Что касается императора и его министров, то они, невидимому, даже не догадывались, какой серьезный удар был нанесен декабрьскому режиму; они не старались придать этому режиму менее притеснительный и менее произвольный характер. Император, неоднократно заявлявший, что декрет 24 ноября является лишь началом эры свободы, не был, по-видимому, склонен к новым уступкам. И увенчание здания откладывалось в долгий ящик. Если нетерпеливые люди заявляли, что на выборах 1863 года страна высказалась в пользу свободы, то, по словам государственного министра, настоящим основоположником свободы являлся Наполеон III. «Разве не император, — воскликнул он, — первый поднял это знамя? И не для того он его поднял, чтобы затем дать ему упасть в грязь, а для того, чтобы утвердить его на прочном основании законов». Между тем единственным доказательством либеральных намерений императора было в тот момент внесение в Законодательный корпус законопроекта о рабочих стачках, который разрешал устройство стачек, но не признавал рабочих организаций и тем самым являлся для стачечников в полном смысле слова ловушкой, как это доказал Жюль Фавр[90]
.Немного позднее (август 1864 г.) процесс «тринадцати», возбужденный против главных членов комитета, успешно поддерживавшего кандидатуры Гарнье-Пажеса и Карно, показал, какую свободу правительство намерено предоставить своим противникам в области избирательной пропаганды. Вот, наконец, в каких обескураживающих выражениях заговорил император (при открытии сессии 1865. года) о реформах, которых страна ждала так нетерпеливо: «Будем твердо охранять основы конституции; будем противиться крайним стремлениям тех, кто вызывает перемены с единственной целью разрушить то, что мы создали. Утопия находится в таком же отношении к добру, в каком иллюзия находится к истине; а прогресс вовсе не является осуществлением более или менее остроумной теории, а практическим приложением результатов опыта, освященных временем и признанных общественным мнением». Остроумная теория, на которую намекал Наполеон III, теория, с таким блеском изложенная Тьером в Вурбонском дворце за год перед тем, была теорией парламентского режима.

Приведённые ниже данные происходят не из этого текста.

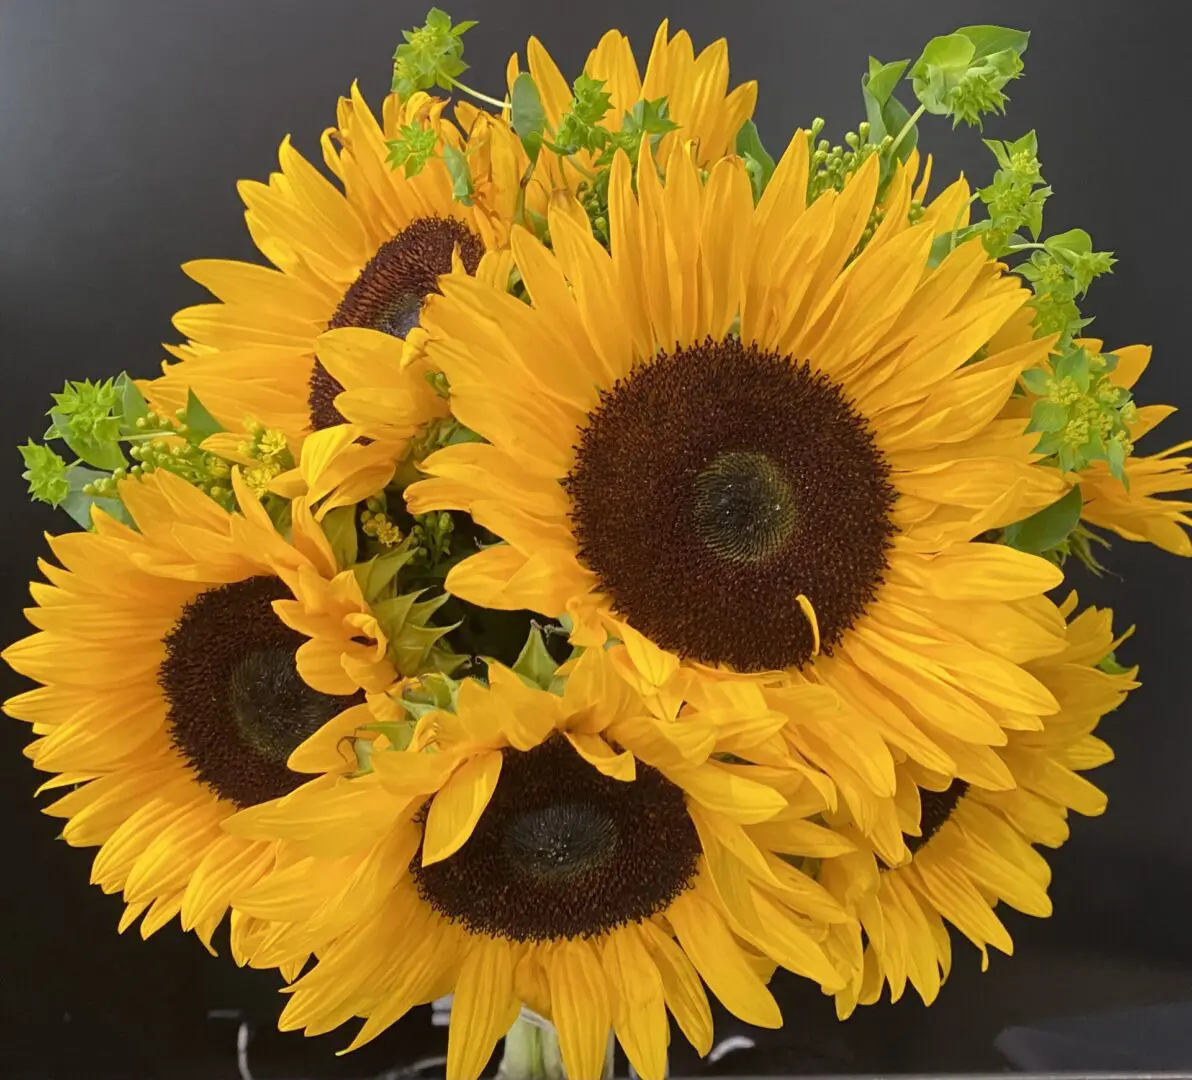 A bundle of sunflowers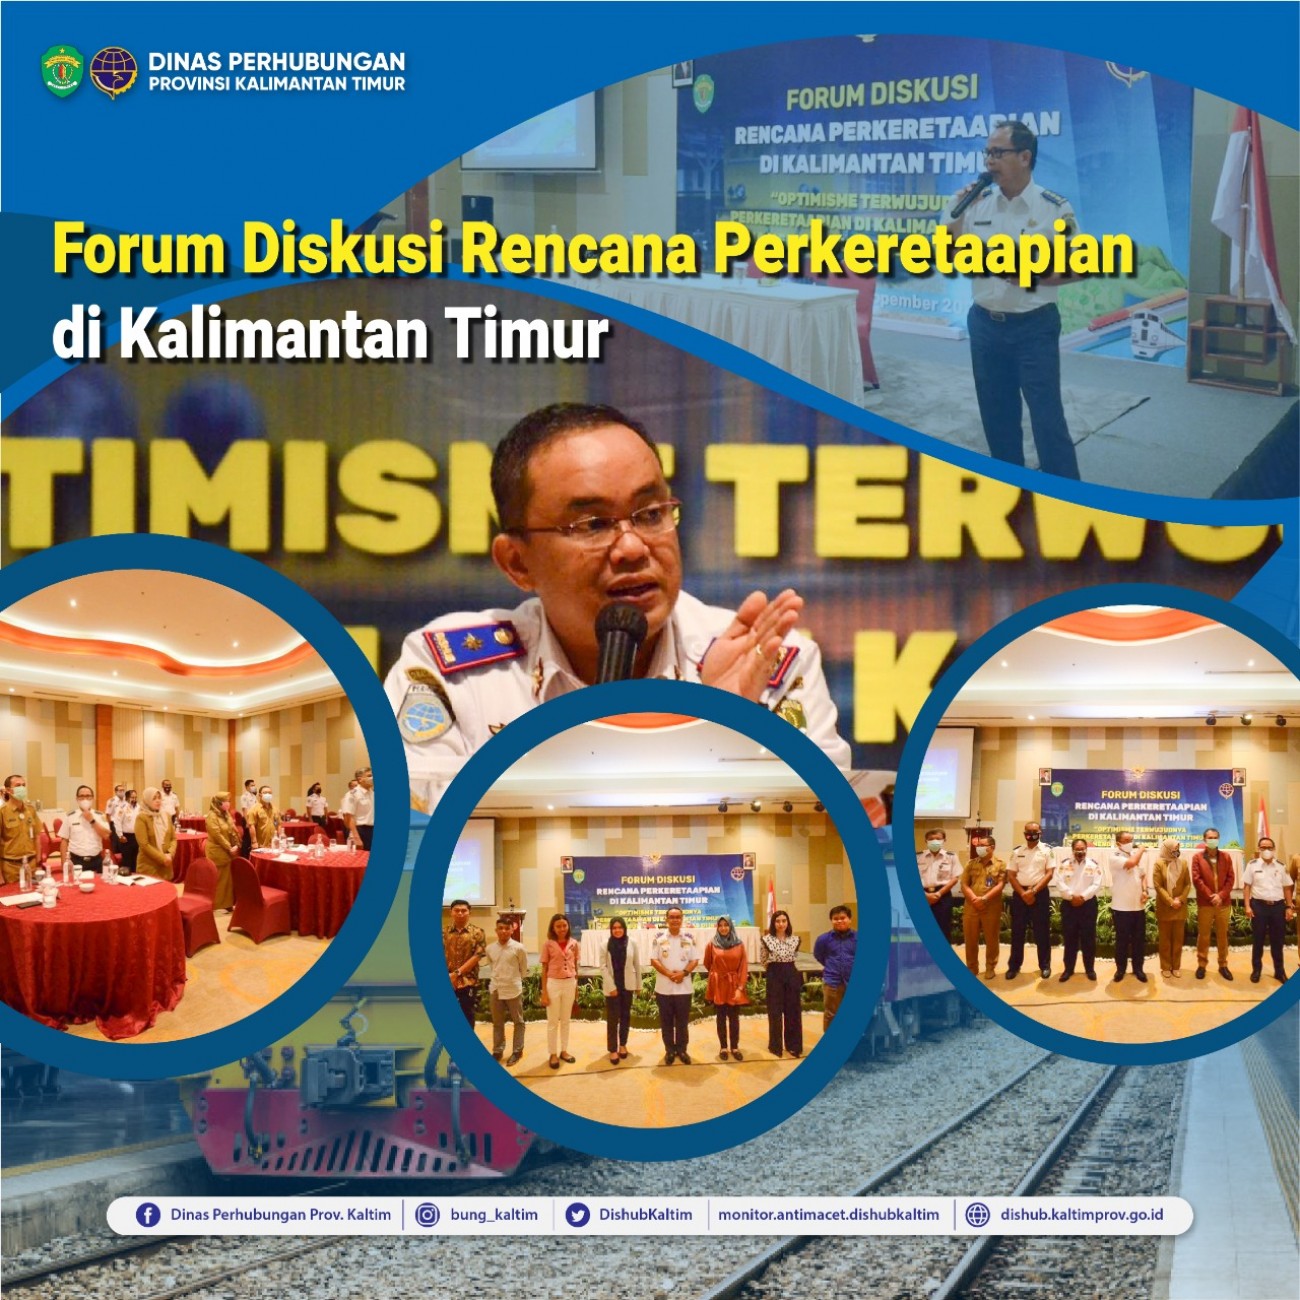 Forum Diskusi Rencana Perkeretaapian di Kalimantan Timur

Конвенция 15 сентября и Силлабус.
Вызывая таким образом раздражение демократической и либеральной партий, Наполеон III в то же время, снова пробуждал своими словами и действиями вражду клерикальной партии, несколько утихшую с 1862 года. В области внешней политики его неловкие и бесплодные усилия в пользу — Польши и Дании восстановили против него правительства почти всех великих держав. Единственный союз, на который он мог в это время рассчитывать, был союз с Италией. Вот почему он заключил с Италией конвенцию (15 сентября 1864 г.), по которой он обязался в двухлетний срок отозвать из Рима свои войска, взамен чего Виктор-Эммануил обязался не нападать на владения, остававшиеся за «святым престолом».С этого момента возмущенный Пий IX старался всячески, насколько это от него зависело, усилить политические затруднения, из которых приходилось выпутываться императору французов. Этим объясняется издание энциклики Quanta сига и резюмировавшего ее Силлабуса (8 декабря 1864 г.), документов, переносящих нас в средние века и решительно отрицающих все завоевания революции. В этом манифесте папа осуждал не только права совести, философии и науки, но и самые элементарные принципы государственного права, которые провозгласила Франция 1789 года и которые, следуя ее примеру, признало большинство европейских государств. Папа заявлял, что церковь представляет собой совершенное общество, во всех отношениях независимое от светской власти, что она стоит выше государства и что ей одной принадлежит право руководить воспитанием народа; папа отвергал учение о народном верховенстве и принцип всеобщего избирательного права, свободу некатолических исповеданий, свободу печати и слова; он требовал предоставления церкви карательной власти, а также предоставления духовной власти (в случае ее конфликтов с. властью гражданской) таких прав, которые современные правительства признают только за гражданской властью. Папа хотел, чтобы церкви дано было право вмешиваться в область гражданского законодательства с целью, например, устранения из него всех постановлений, благоприятных для протестантов и евреев; он осуждал гражданский брак. В конце он отвергал положение, что «римский первосвященник может и должен примириться и вступить в сделку с прогрессом, либерализмом и современной цивилизацией».